Maxwell's equations are a set of fundamental equations that describe the behavior of electric and magnetic fields. They were developed by physicist James Clerk Maxwell in the 19th century and are a cornerstone of the study of electromagnetism.

## 2. What do E and B stand for in Maxwell's equations?

E and B represent the electric and magnetic fields, respectively. These are vector fields that describe the strength and direction of electric and magnetic forces at any point in space.

## 3. How do Maxwell's equations relate to distance?

Maxwell's equations do not directly involve distance as a variable. However, they do describe how electric and magnetic fields behave over distance, and can be used to calculate the strength of these fields at different distances from their source.

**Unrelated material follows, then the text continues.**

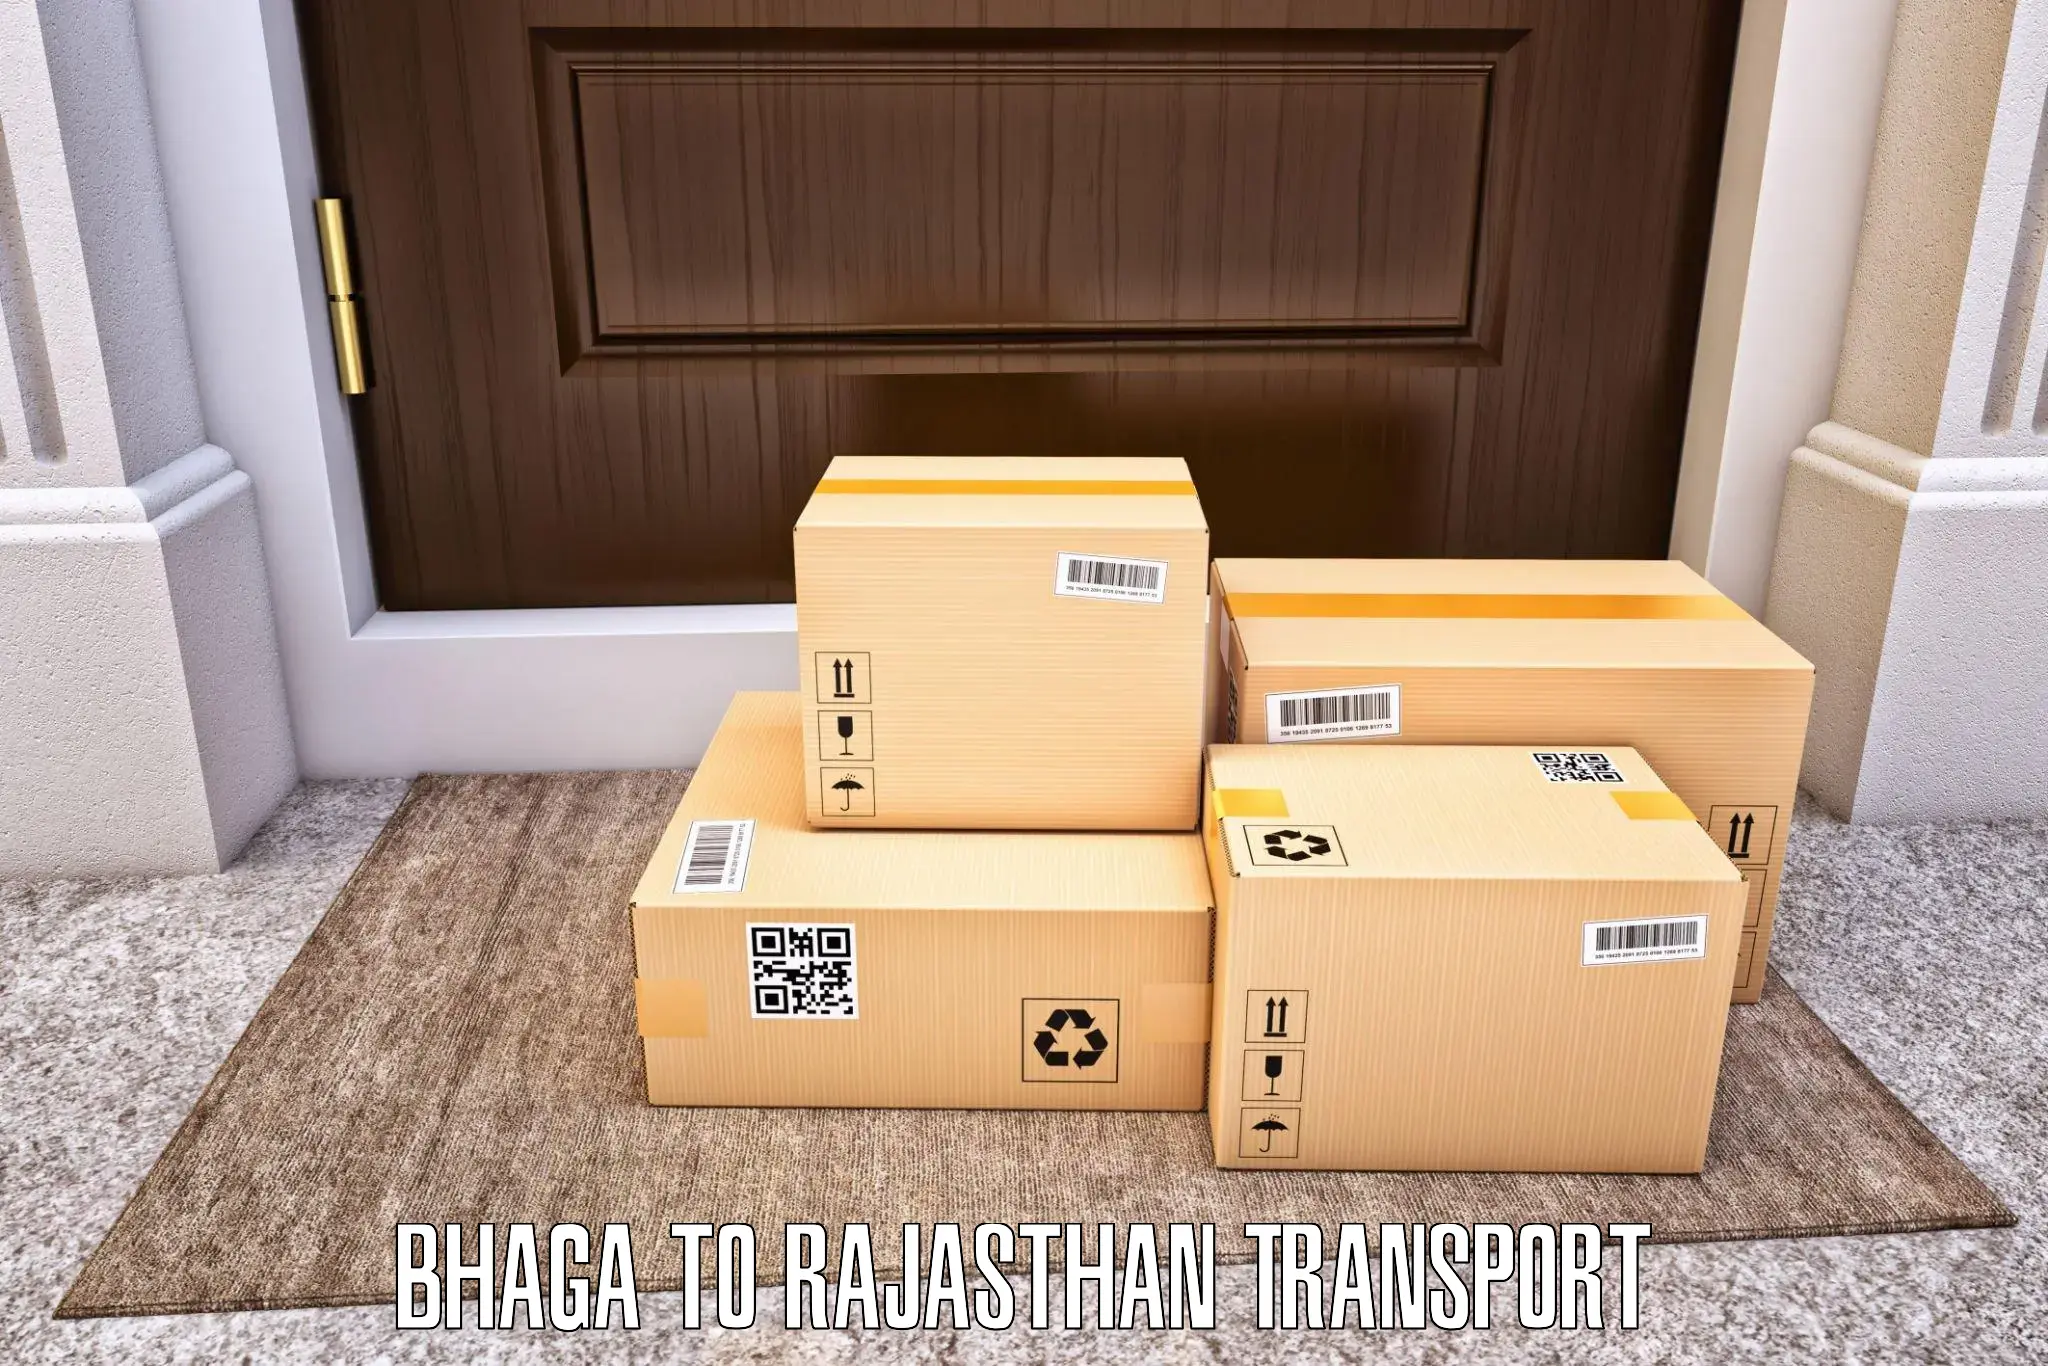 Delivery service Bhaga to Kumbhalgarh

## 4. Are Maxwell's equations applicable to all situations?

Maxwell's equations are applicable to most situations involving electric and magnetic fields, including both static and dynamic systems. However, in certain extreme conditions such as those found in black holes, these equations may break down.

## 5. Why are Maxwell's equations important?

Maxwell's equations are important because they provide a comprehensive framework for understanding the behavior of electric and magnetic fields. They have been used to make significant advancements in technology, such as the development of radio and television, and continue to be a key tool in modern physics research.